**Records contained in a dataset**
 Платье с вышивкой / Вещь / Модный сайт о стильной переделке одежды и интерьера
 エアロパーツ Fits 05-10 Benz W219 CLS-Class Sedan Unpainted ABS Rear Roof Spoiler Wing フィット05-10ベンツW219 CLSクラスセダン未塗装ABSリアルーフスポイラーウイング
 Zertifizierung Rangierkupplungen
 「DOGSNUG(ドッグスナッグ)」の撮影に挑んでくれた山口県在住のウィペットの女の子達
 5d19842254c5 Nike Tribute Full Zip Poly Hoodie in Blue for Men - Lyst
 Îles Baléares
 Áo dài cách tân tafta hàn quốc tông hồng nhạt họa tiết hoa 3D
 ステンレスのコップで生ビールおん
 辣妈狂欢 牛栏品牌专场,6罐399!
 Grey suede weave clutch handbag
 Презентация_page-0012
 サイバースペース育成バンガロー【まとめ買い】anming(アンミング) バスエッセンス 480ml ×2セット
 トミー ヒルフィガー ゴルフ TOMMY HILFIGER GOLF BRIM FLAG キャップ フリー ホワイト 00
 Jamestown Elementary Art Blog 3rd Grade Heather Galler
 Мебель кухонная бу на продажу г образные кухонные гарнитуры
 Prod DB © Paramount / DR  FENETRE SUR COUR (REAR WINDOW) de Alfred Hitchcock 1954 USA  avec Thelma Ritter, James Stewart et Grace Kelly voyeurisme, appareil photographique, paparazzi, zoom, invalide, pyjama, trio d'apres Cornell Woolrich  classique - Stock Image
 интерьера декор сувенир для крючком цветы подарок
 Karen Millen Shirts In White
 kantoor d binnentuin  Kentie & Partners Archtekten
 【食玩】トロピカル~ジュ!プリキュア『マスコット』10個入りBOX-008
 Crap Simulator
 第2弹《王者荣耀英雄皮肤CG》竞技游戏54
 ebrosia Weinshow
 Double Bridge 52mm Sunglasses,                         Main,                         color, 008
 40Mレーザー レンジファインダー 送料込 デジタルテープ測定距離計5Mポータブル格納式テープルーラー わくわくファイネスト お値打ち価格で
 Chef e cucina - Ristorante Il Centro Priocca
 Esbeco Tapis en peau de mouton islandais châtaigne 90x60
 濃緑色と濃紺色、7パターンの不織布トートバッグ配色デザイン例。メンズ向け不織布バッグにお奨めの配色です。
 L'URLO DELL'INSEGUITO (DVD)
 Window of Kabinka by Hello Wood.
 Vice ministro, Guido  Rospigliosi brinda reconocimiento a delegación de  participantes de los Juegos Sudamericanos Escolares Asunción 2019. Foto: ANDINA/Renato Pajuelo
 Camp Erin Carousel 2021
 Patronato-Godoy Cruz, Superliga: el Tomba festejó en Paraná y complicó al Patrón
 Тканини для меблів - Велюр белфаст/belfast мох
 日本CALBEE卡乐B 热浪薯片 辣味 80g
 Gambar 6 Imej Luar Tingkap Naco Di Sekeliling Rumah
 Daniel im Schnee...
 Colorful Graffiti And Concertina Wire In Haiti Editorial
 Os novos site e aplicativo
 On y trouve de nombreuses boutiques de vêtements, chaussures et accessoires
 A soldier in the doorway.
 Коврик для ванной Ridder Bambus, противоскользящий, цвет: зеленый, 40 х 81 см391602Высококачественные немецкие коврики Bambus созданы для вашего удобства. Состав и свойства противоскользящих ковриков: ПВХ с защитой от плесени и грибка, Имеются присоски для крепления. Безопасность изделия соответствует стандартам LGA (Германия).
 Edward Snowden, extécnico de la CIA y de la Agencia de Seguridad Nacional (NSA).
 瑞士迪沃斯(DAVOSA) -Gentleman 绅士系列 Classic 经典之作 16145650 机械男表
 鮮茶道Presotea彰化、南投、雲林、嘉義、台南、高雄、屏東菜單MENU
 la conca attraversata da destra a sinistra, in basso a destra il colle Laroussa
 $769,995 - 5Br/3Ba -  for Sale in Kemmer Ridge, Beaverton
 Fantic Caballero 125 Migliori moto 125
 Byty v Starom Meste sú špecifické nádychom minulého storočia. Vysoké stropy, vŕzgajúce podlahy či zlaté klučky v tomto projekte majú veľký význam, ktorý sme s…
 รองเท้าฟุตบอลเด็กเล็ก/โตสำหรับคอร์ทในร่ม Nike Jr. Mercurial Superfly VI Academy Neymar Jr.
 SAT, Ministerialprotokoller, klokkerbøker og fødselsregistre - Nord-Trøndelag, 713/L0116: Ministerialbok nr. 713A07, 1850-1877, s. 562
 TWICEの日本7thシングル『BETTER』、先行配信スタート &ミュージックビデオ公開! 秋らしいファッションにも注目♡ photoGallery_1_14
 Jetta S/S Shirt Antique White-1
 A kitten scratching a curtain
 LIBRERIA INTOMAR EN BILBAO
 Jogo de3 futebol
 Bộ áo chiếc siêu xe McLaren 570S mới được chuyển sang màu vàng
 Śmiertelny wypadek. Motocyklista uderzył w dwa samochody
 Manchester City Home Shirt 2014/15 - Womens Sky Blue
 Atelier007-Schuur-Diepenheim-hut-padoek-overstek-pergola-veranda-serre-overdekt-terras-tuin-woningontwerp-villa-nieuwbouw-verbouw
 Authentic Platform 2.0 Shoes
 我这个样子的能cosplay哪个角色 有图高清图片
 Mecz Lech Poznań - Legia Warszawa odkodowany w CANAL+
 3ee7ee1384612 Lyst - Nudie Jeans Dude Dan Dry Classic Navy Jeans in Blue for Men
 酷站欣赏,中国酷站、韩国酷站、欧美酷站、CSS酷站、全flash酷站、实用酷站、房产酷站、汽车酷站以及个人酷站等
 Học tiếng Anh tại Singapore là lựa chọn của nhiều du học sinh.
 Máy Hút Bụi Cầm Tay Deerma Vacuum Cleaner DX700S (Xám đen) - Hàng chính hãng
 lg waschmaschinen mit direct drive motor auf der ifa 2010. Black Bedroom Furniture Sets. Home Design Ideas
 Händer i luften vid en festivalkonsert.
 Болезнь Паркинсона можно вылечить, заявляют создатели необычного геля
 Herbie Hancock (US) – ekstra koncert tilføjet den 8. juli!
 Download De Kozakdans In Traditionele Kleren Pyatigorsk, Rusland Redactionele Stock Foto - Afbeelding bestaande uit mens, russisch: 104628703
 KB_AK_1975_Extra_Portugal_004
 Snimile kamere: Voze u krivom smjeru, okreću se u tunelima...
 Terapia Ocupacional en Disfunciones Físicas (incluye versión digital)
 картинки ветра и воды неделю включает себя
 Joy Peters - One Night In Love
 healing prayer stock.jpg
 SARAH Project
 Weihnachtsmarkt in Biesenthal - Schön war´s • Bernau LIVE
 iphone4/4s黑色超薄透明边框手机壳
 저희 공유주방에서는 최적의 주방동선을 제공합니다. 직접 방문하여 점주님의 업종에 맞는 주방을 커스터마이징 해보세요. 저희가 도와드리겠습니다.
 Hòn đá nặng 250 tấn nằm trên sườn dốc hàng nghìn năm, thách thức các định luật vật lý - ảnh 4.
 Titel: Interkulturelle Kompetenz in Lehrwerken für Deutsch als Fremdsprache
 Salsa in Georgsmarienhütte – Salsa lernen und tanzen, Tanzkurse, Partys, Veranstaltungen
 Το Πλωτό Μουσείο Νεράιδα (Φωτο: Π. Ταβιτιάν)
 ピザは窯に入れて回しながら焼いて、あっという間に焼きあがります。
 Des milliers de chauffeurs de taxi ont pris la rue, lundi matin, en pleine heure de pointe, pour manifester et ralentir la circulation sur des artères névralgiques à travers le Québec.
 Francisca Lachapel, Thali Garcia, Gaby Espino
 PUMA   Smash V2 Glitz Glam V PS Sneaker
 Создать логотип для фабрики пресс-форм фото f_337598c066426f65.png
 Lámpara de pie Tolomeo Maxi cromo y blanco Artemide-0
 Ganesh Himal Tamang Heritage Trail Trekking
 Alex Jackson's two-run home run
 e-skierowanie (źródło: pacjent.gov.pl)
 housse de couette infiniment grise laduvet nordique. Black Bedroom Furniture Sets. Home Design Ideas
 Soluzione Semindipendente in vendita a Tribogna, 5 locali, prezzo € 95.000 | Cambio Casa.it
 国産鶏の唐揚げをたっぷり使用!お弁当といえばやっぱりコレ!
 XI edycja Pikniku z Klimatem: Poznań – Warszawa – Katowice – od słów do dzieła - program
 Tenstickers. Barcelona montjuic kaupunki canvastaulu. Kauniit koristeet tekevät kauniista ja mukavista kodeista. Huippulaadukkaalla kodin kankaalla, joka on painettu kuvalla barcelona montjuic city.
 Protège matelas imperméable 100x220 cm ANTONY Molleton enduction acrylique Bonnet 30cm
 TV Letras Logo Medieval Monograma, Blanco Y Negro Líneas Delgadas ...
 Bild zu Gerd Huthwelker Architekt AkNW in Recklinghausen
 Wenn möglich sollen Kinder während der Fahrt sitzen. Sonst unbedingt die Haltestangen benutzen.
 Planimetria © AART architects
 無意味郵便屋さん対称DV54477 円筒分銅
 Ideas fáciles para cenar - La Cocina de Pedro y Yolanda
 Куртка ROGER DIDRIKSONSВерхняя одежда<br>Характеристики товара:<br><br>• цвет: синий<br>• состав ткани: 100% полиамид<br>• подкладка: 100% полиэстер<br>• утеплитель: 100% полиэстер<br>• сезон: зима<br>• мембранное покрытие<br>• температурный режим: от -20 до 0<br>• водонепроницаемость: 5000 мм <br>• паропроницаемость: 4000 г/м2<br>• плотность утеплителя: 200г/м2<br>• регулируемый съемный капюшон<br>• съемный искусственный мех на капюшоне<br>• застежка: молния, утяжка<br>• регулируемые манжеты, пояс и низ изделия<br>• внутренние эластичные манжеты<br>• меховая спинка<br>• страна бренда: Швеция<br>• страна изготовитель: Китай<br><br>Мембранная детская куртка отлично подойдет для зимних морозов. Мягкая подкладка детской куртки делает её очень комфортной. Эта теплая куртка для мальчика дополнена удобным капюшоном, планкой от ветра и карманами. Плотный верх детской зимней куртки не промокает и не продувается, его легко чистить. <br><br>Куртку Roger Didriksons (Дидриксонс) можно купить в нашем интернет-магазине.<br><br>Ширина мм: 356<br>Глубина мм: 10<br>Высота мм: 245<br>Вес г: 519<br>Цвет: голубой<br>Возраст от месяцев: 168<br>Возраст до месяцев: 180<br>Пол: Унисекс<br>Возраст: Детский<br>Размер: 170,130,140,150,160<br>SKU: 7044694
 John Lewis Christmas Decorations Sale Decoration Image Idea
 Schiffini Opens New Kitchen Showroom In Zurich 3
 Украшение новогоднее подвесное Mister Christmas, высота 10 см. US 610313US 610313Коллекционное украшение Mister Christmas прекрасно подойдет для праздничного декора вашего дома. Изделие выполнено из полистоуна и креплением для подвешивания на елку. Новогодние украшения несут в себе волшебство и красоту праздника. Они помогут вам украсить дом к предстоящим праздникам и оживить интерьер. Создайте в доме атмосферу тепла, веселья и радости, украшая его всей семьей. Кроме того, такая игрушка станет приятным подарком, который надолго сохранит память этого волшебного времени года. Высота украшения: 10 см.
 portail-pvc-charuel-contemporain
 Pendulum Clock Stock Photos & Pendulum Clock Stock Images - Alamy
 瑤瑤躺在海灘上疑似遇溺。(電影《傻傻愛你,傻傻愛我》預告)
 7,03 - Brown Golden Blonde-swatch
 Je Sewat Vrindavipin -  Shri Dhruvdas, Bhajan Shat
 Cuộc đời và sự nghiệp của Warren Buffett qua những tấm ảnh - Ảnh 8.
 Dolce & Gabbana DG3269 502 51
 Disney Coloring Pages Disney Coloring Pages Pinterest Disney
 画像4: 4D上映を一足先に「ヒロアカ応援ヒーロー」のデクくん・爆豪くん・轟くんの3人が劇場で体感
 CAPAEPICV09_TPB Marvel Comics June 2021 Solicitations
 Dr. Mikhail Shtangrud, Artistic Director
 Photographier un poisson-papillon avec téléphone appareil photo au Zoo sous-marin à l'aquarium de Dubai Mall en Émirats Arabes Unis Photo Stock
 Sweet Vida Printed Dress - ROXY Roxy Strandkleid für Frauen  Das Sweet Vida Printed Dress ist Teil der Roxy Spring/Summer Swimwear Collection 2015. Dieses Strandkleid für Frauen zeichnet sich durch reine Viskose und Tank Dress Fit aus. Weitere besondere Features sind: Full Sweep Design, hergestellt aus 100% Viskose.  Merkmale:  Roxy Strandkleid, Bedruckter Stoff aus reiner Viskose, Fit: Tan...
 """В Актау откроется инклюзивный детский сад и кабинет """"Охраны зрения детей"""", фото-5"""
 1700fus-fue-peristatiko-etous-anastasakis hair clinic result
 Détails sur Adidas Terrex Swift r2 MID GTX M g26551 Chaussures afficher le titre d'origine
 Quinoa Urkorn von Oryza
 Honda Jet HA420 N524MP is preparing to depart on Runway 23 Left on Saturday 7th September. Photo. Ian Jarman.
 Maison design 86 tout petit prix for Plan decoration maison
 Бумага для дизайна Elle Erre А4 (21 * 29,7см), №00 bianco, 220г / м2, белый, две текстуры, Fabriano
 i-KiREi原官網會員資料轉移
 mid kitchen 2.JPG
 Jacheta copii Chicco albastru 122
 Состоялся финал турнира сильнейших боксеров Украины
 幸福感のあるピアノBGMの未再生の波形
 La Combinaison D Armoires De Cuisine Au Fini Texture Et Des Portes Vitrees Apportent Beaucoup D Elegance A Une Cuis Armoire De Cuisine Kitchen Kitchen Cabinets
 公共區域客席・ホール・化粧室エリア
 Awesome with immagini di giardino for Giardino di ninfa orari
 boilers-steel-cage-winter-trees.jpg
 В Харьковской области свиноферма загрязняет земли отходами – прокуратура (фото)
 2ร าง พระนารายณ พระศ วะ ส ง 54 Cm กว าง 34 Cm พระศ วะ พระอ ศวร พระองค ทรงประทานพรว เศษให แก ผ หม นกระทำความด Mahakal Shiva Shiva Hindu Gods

**Exercise**
Where a line of the records has the string "Sets", return that line.

**Output for this exercise**
 lg waschmaschinen mit direct drive motor auf der ifa 2010. Black Bedroom Furniture Sets. Home Design Ideas
 housse de couette infiniment grise laduvet nordique. Black Bedroom Furniture Sets. Home Design Ideas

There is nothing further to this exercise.